**STORED DATA**
◇ ◇ ◇ ◇
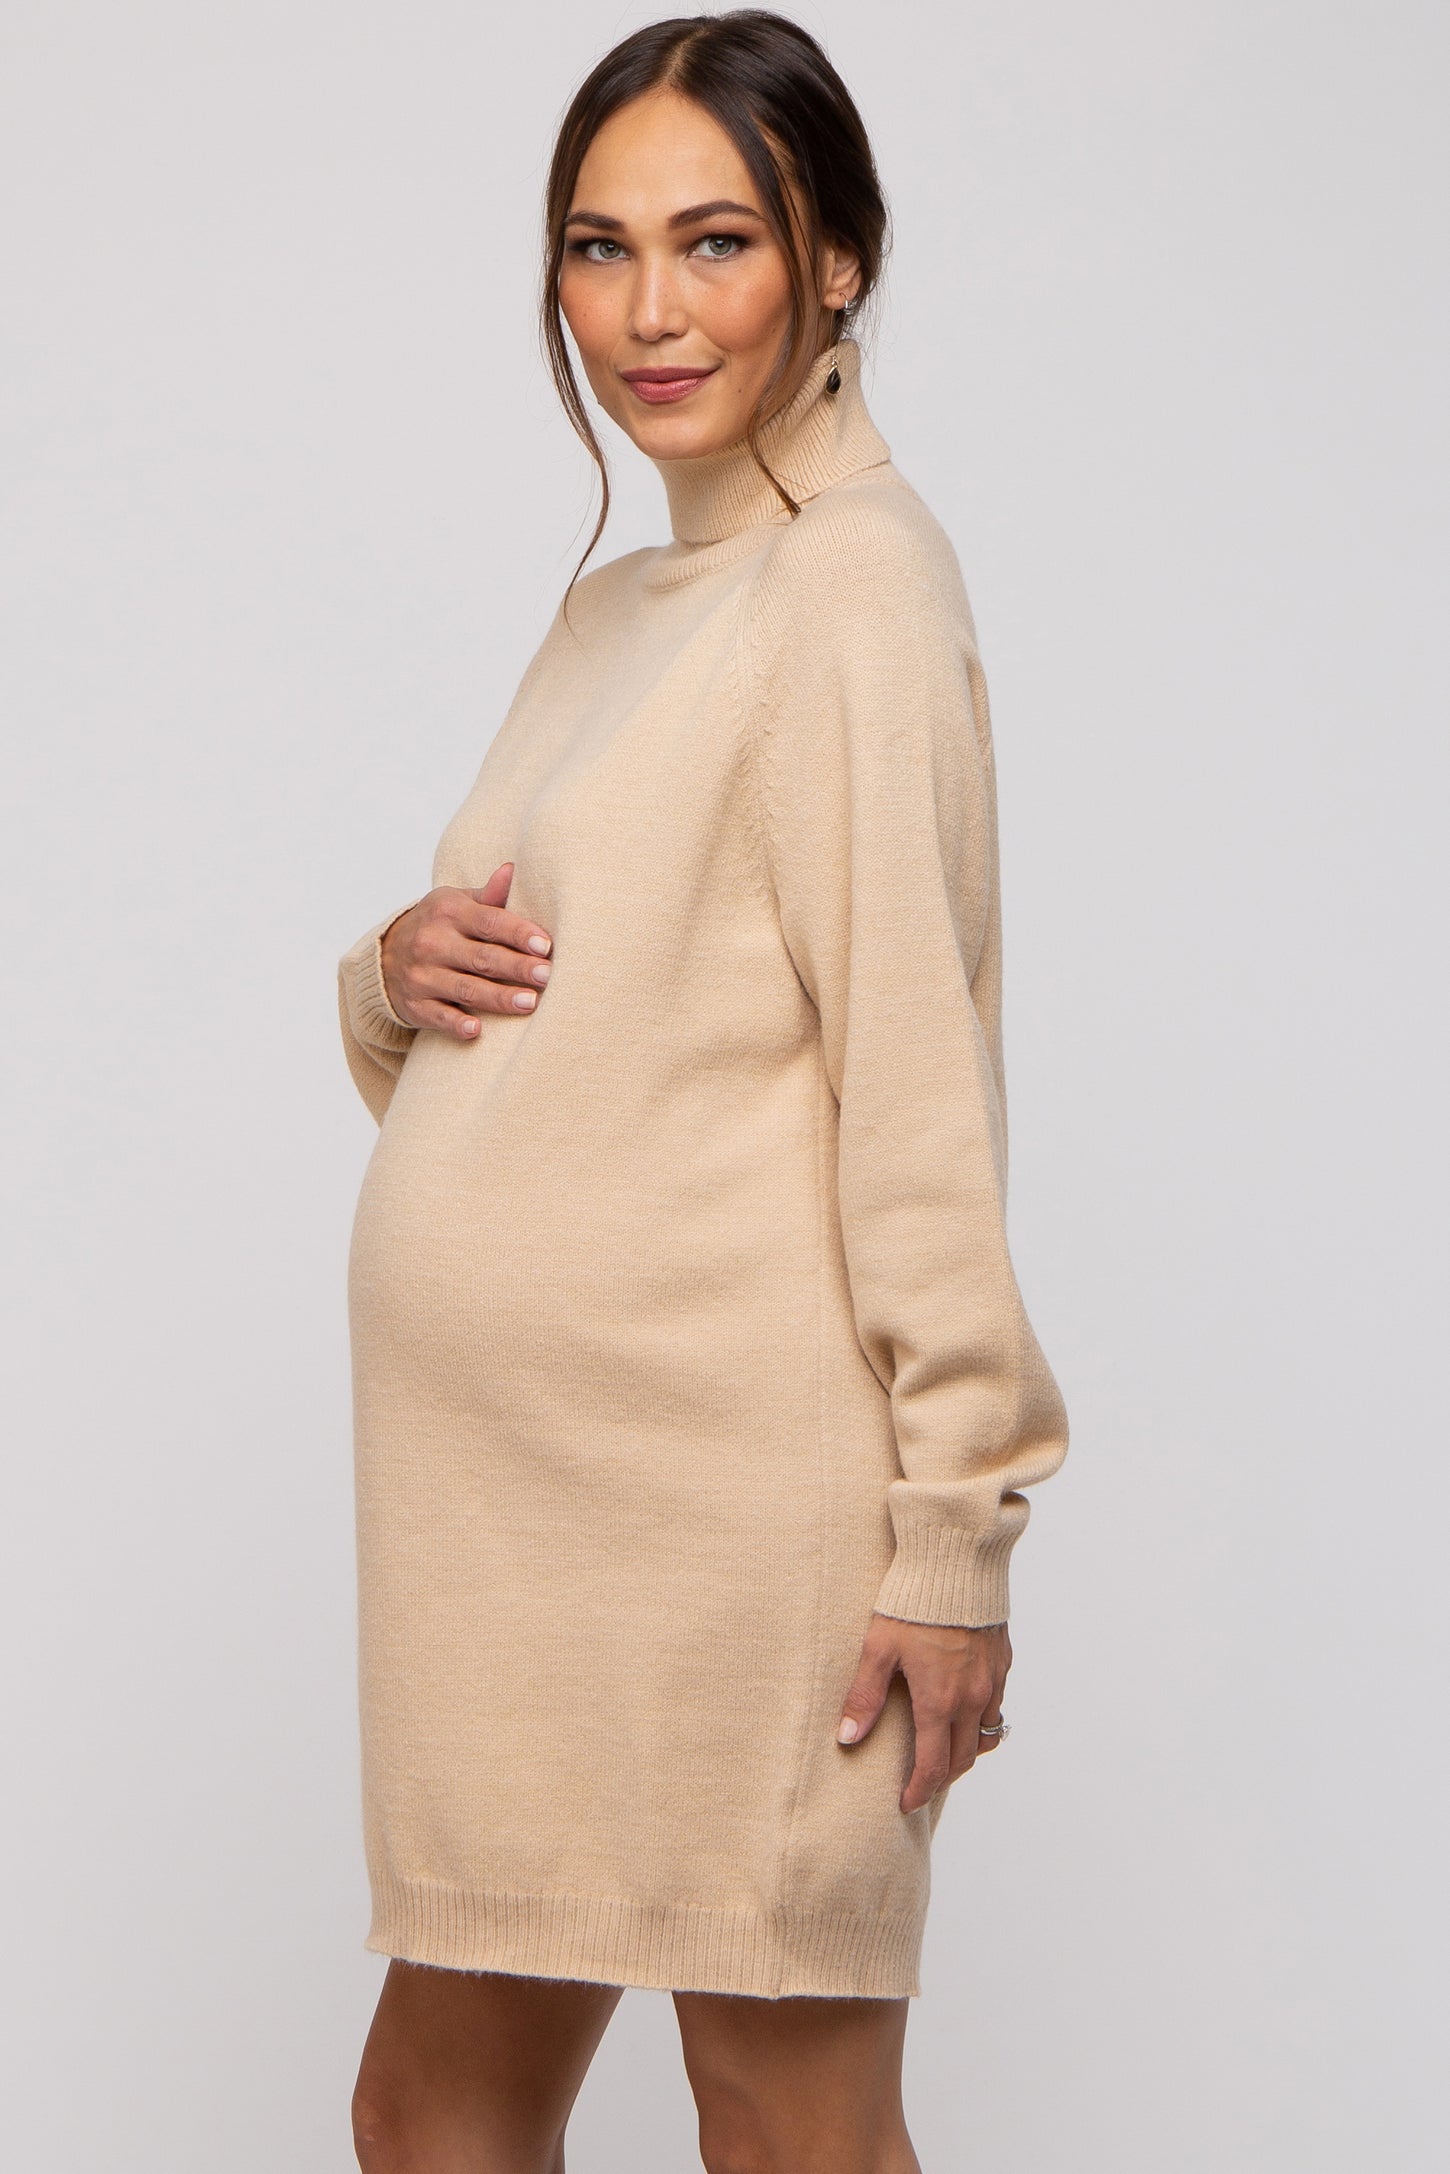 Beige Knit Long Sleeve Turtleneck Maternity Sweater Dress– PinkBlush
◇ ◇ ◇ ◇
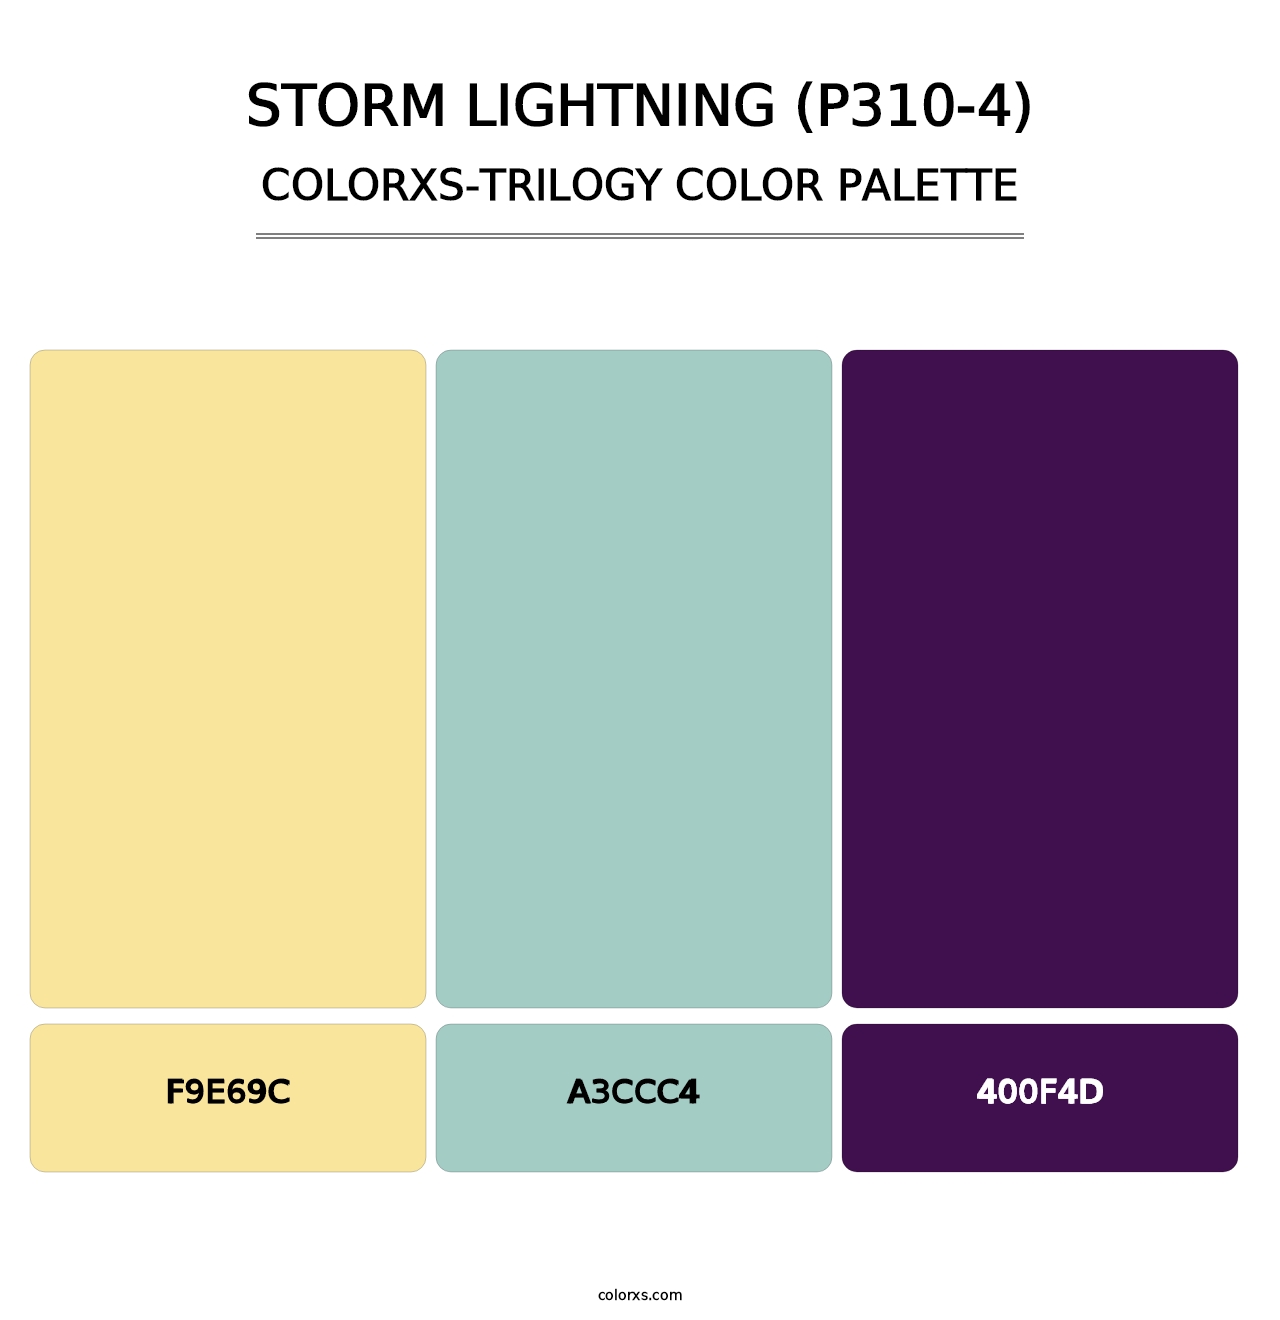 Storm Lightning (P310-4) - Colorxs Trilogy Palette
◇ ◇ ◇ ◇
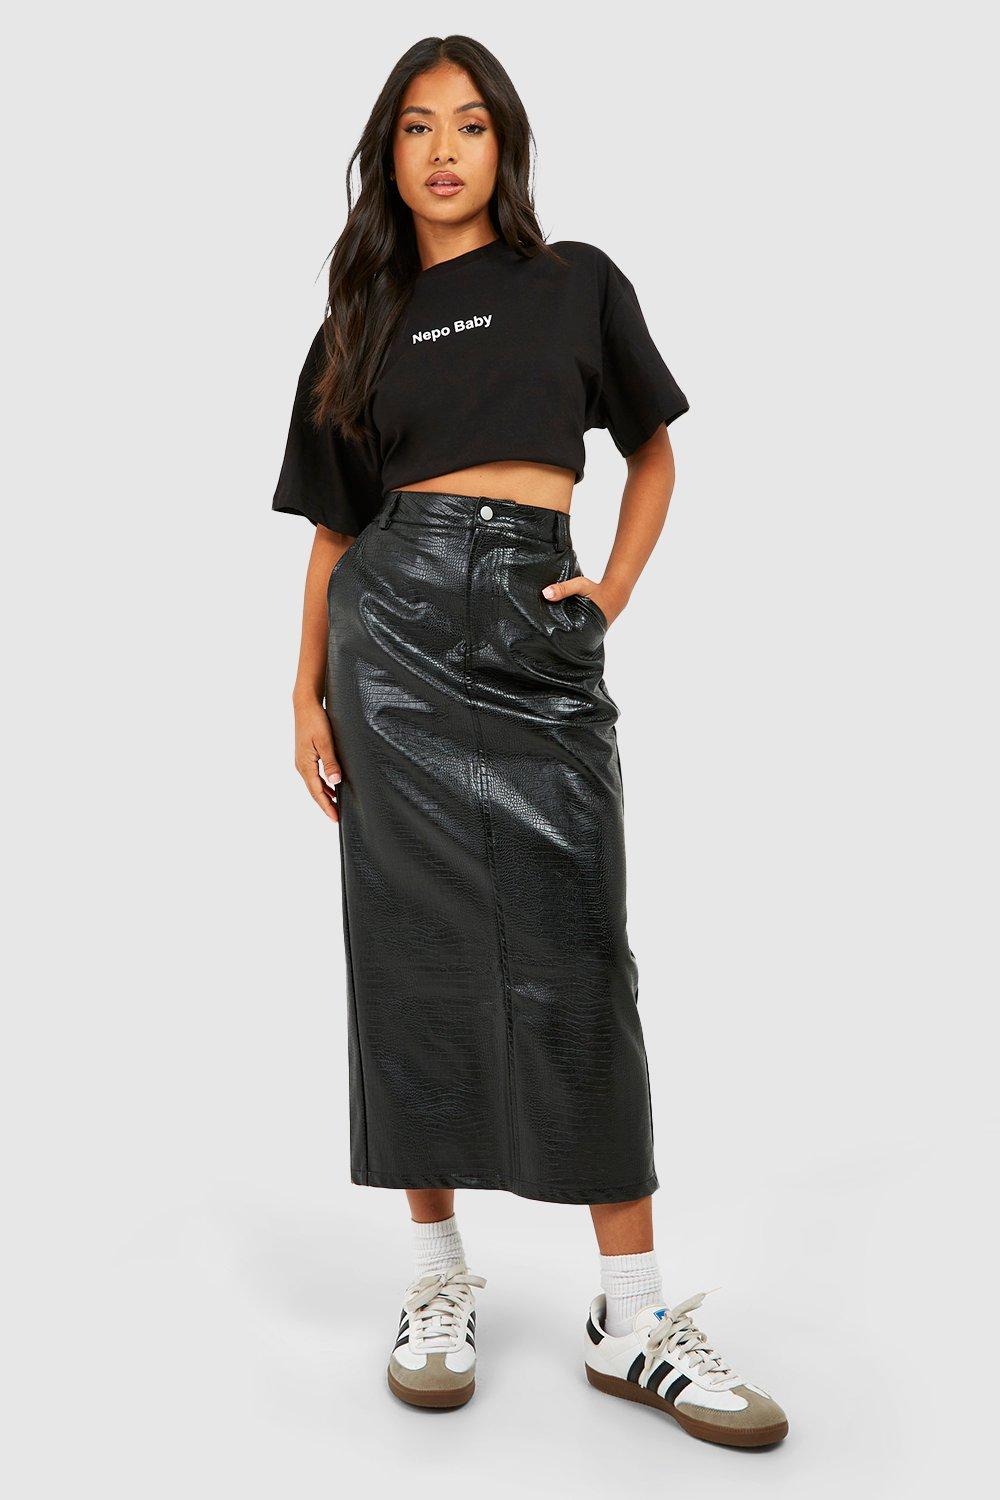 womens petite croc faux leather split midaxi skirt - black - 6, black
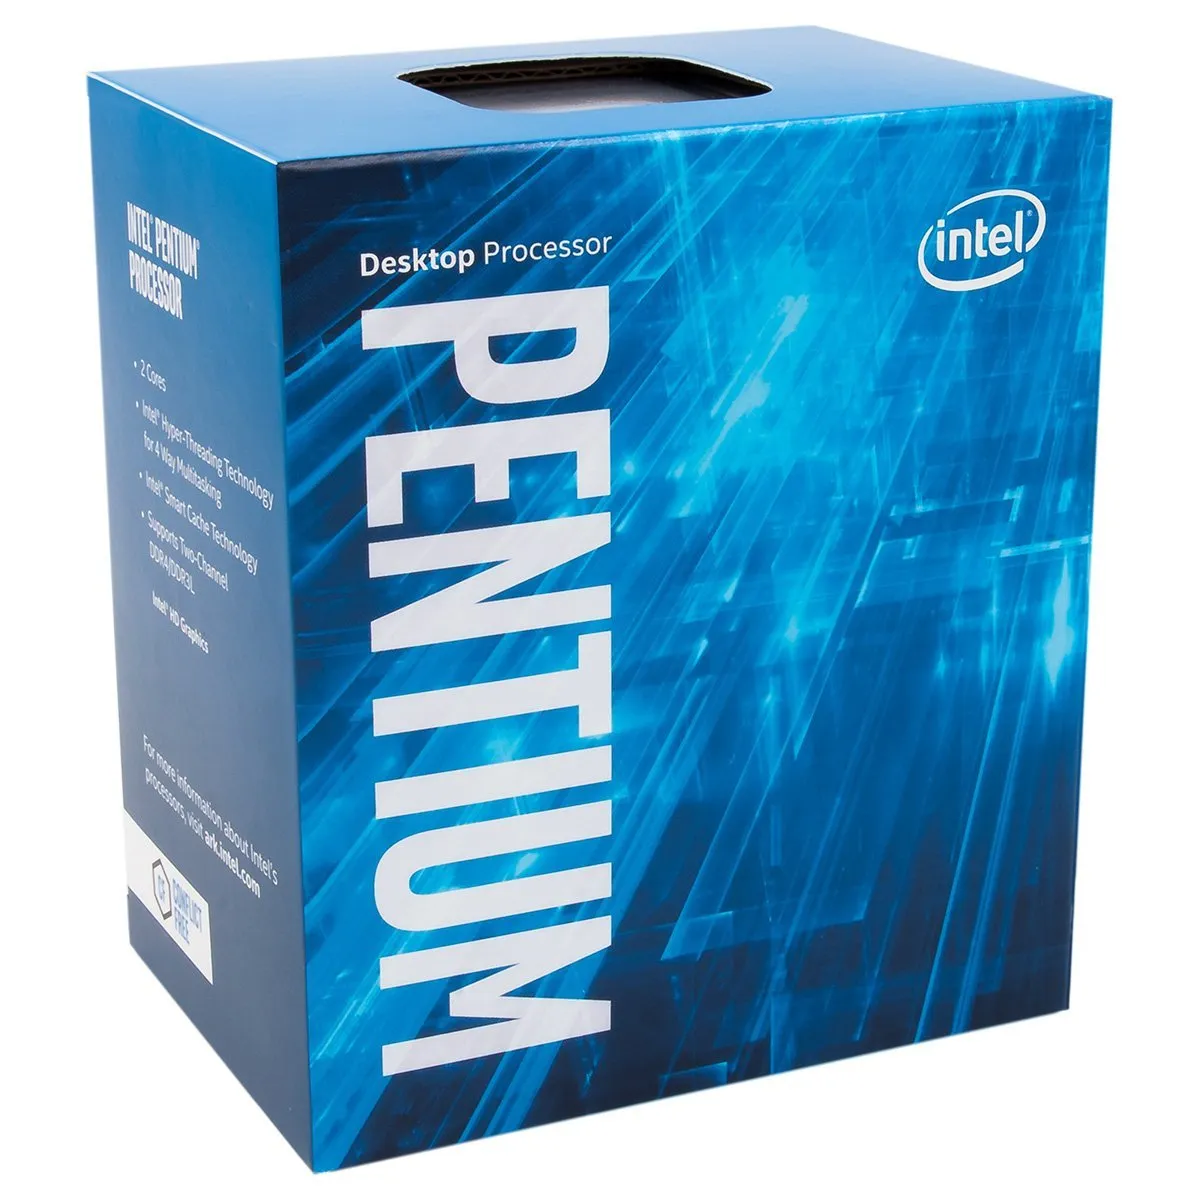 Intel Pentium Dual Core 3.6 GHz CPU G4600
◇ ◇ ◇ ◇
**WORK ORDER**
Once the line with "womens petite croc" is found in the data above, reproduce it and each line after it exactly, through the line with "Intel Pentium Dual Core 3.6 GHz CPU G4600". Omit the pictures.

**ANSWER FOR THE TASK**
 womens petite croc faux leather split midaxi skirt - black - 6, black
 Intel Pentium Dual Core 3.6 GHz CPU G4600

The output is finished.